[[ DATA, beginning ]]

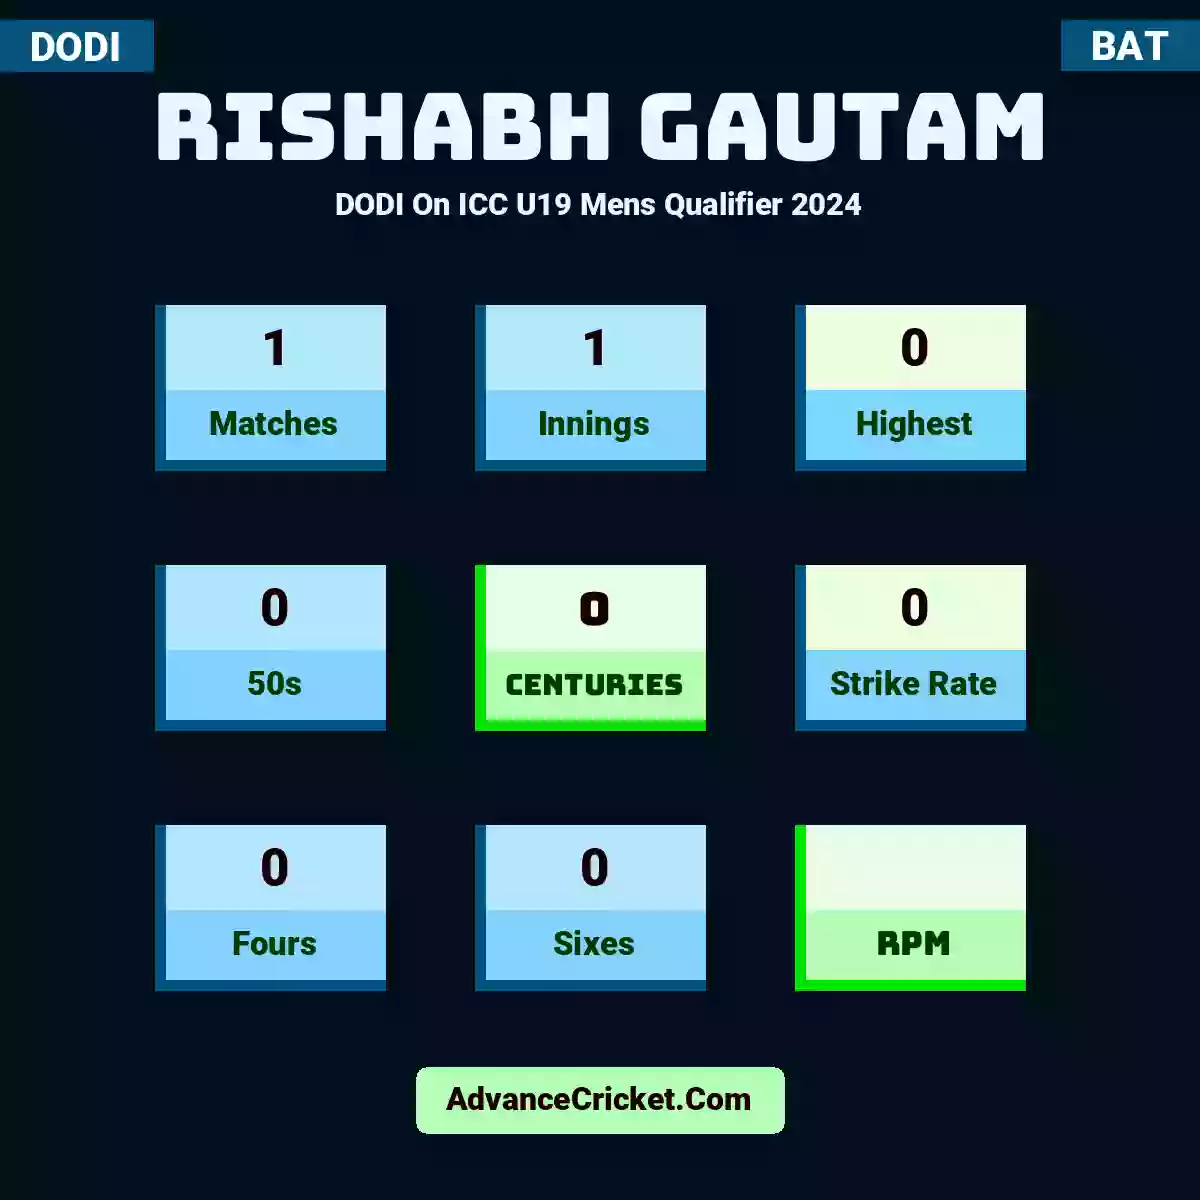 Rishabh Gautam DODI  On ICC U19 Mens Qualifier 2024, Rishabh Gautam played 1 matches, scored 0 runs as highest, 0 half-centuries, and 0 centuries, with a strike rate of 0. R.Gautam hit 0 fours and 0 sixes.
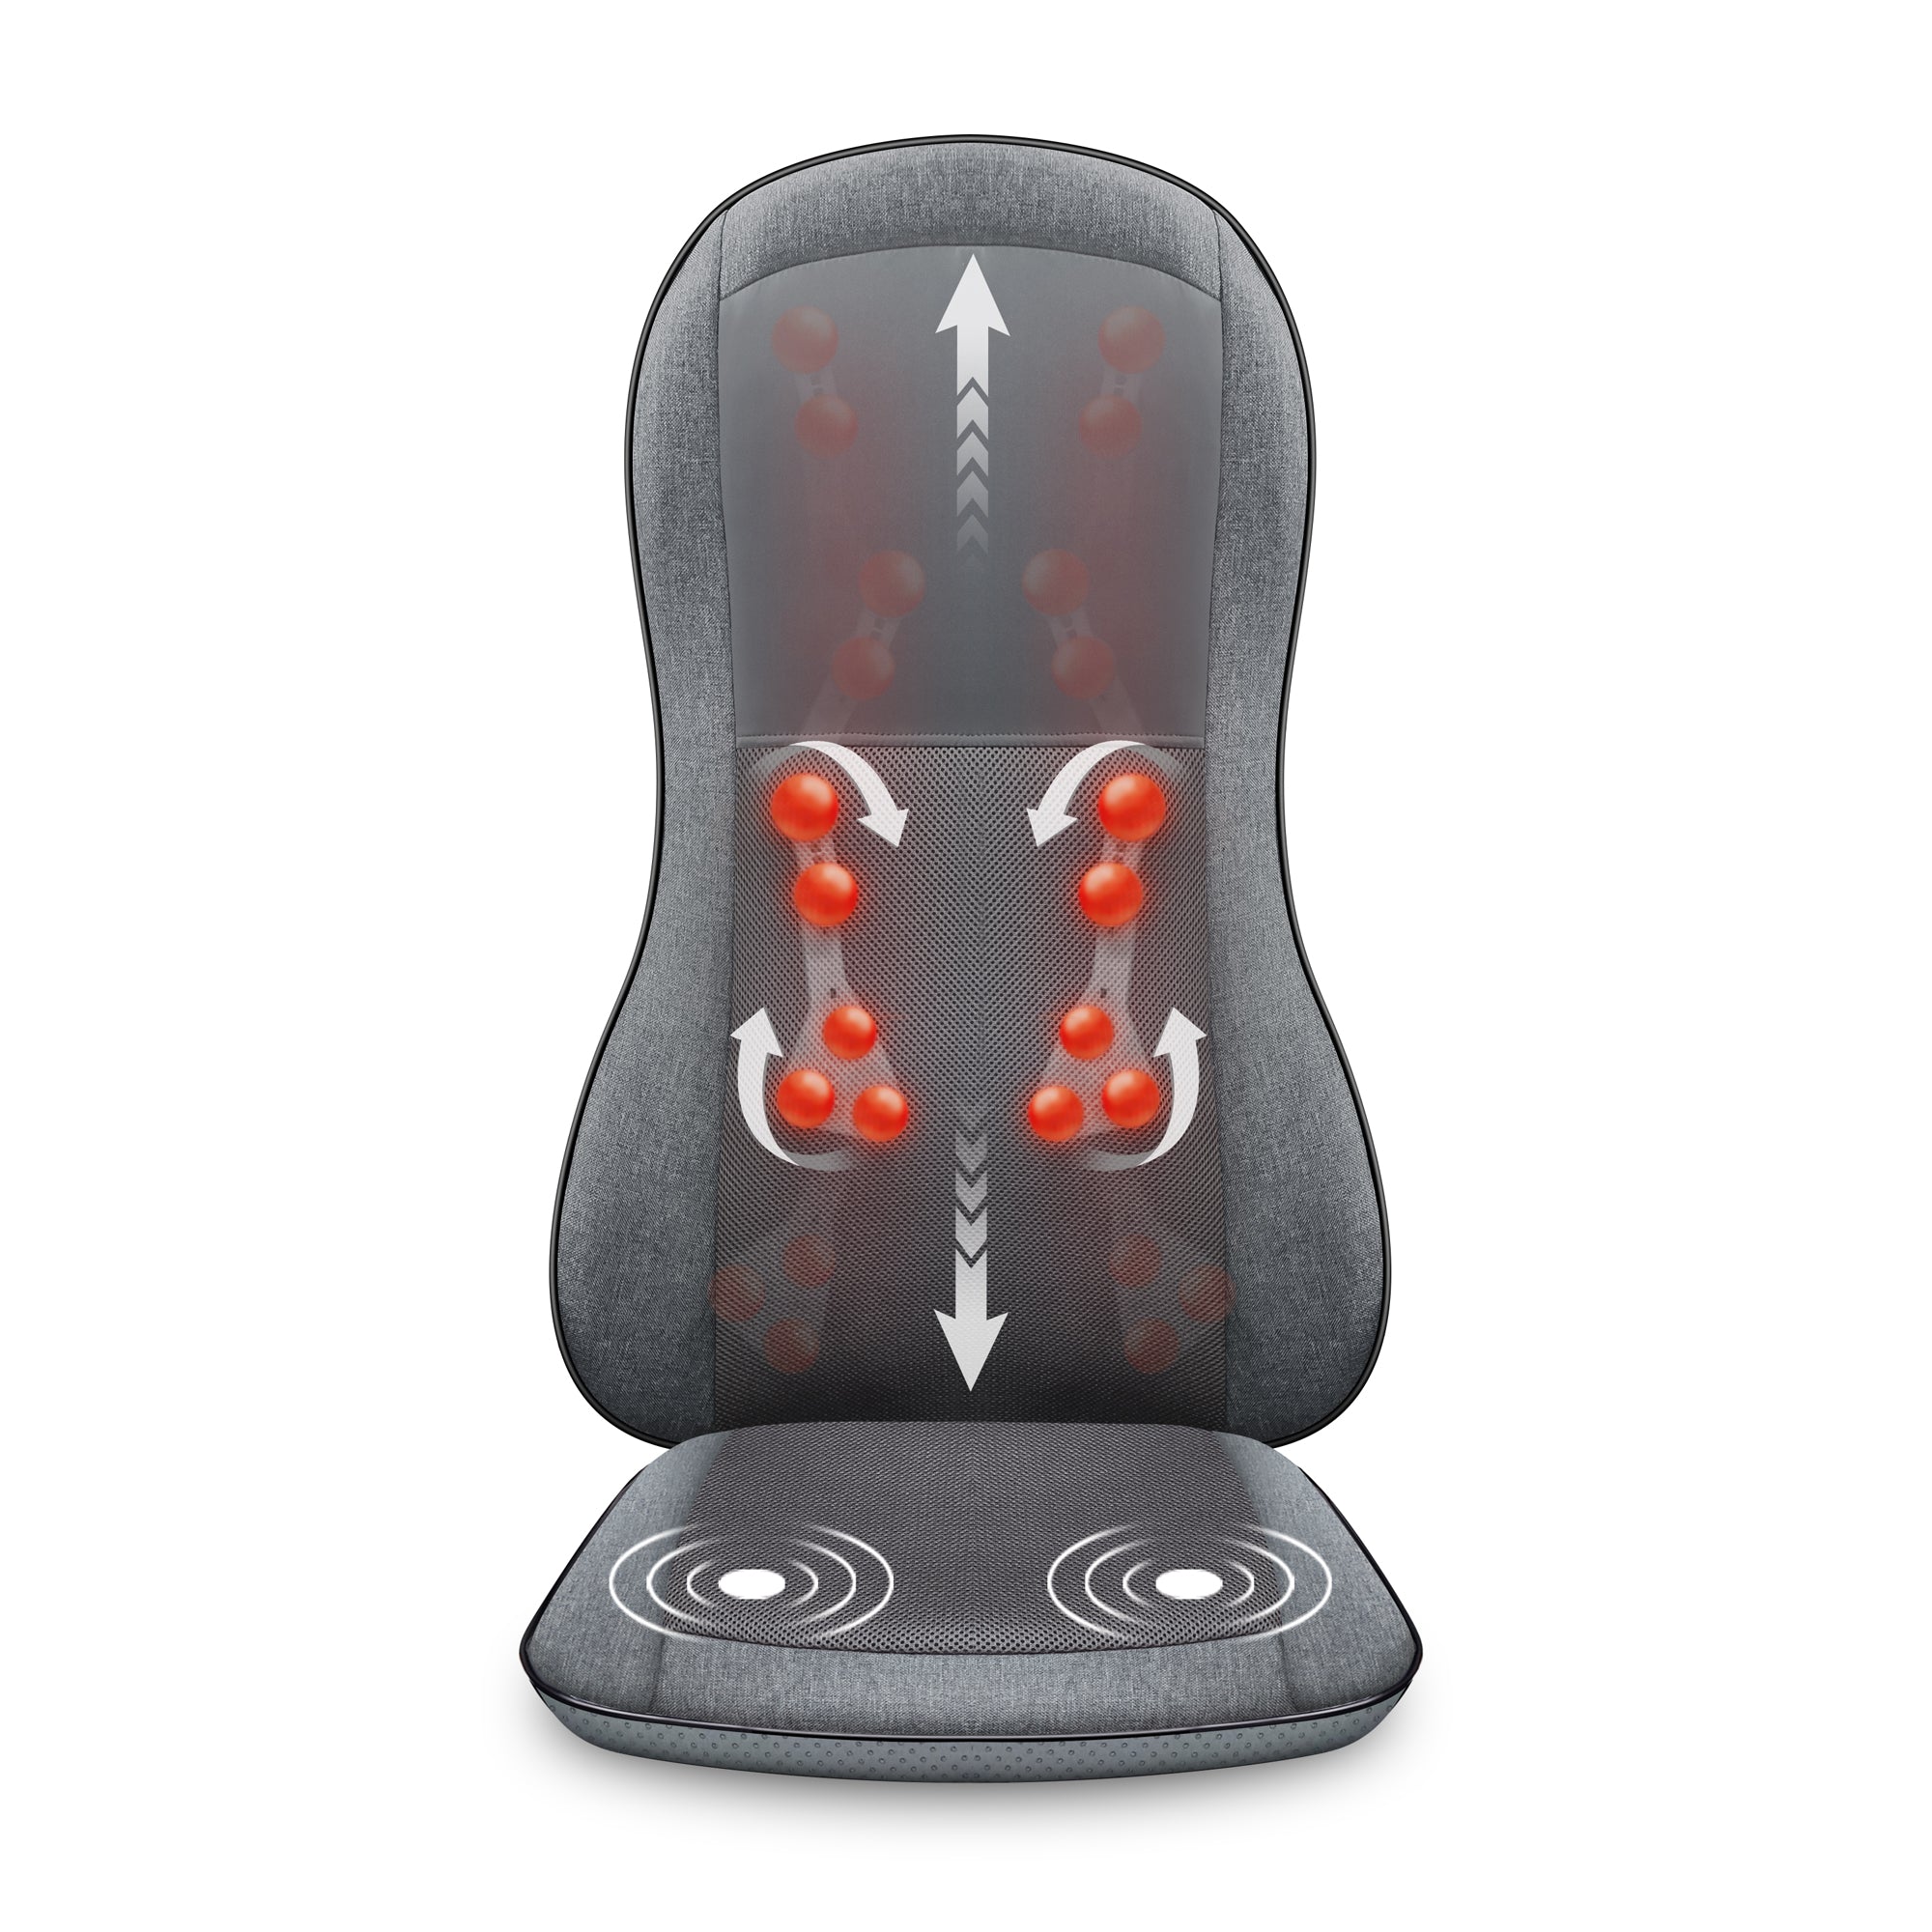 Comfier 2D/3D Shiatsu Full Back Massage Seat Cushion with Heat - 2913
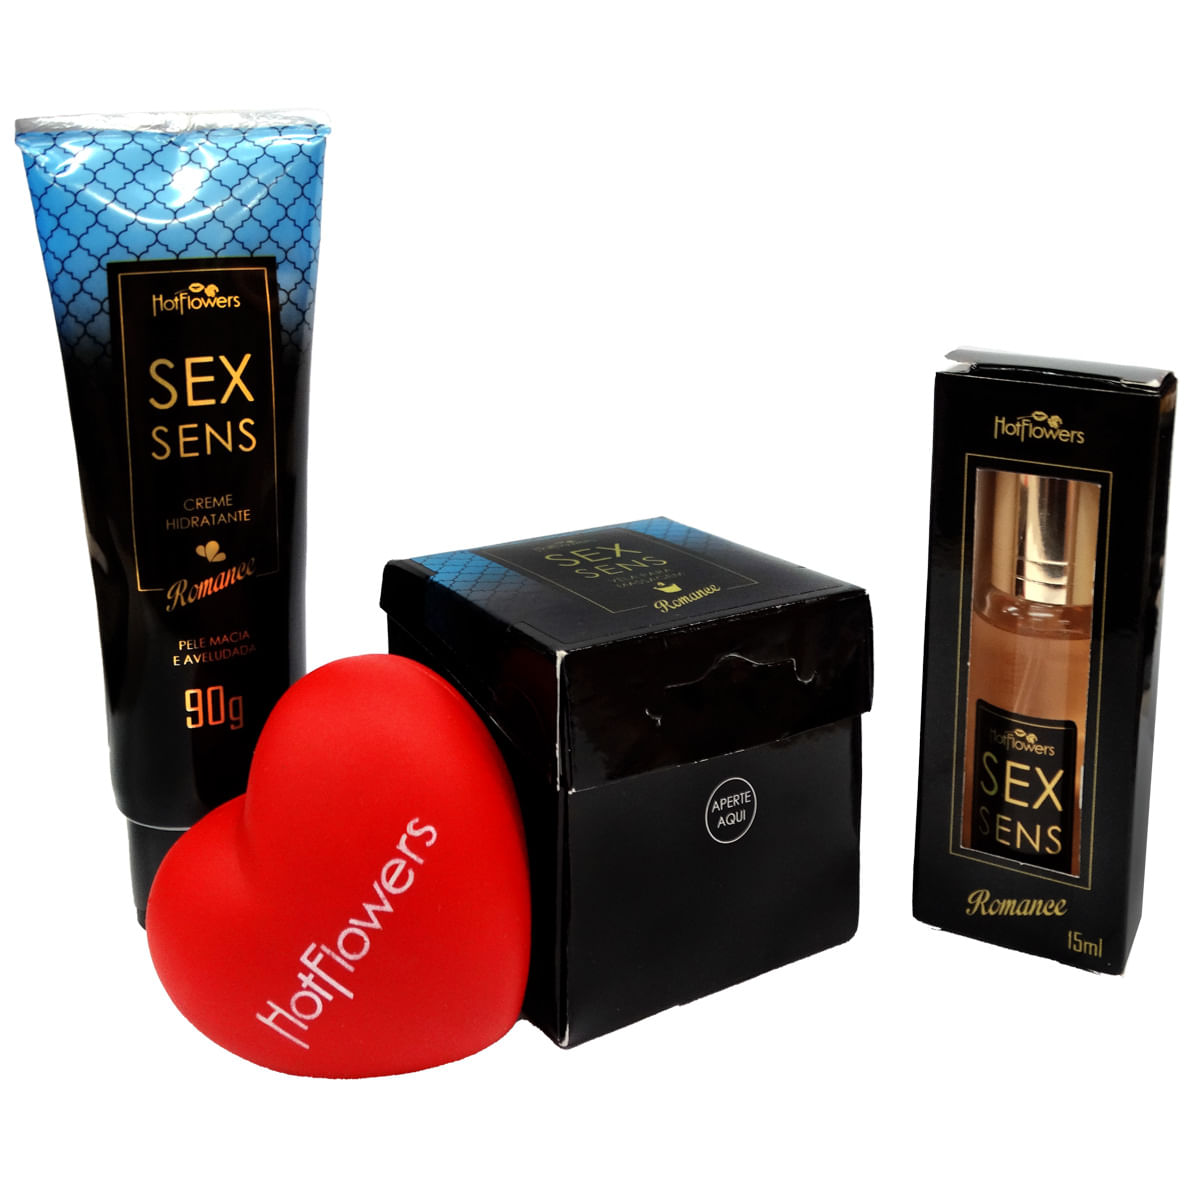 Kit Sex Sens Romance com Vela Creme Perfume e Coração Anti Stress Hot Flowers

[[ DATA, end ]]

**PROBLEM STATEMENT**
The whole listing should be reproduced exactly. Images don't go in.

**ANSWER**
 Rishabh Gautam DODI  On ICC U19 Mens Qualifier 2024, Rishabh Gautam played 1 matches, scored 0 runs as highest, 0 half-centuries, and 0 centuries, with a strike rate of 0. R.Gautam hit 0 fours and 0 sixes.
 Comfier 2D/3D Shiatsu Full Back Massage Seat Cushion with Heat - 2913
 Kit Sex Sens Romance com Vela Creme Perfume e Coração Anti Stress Hot Flowers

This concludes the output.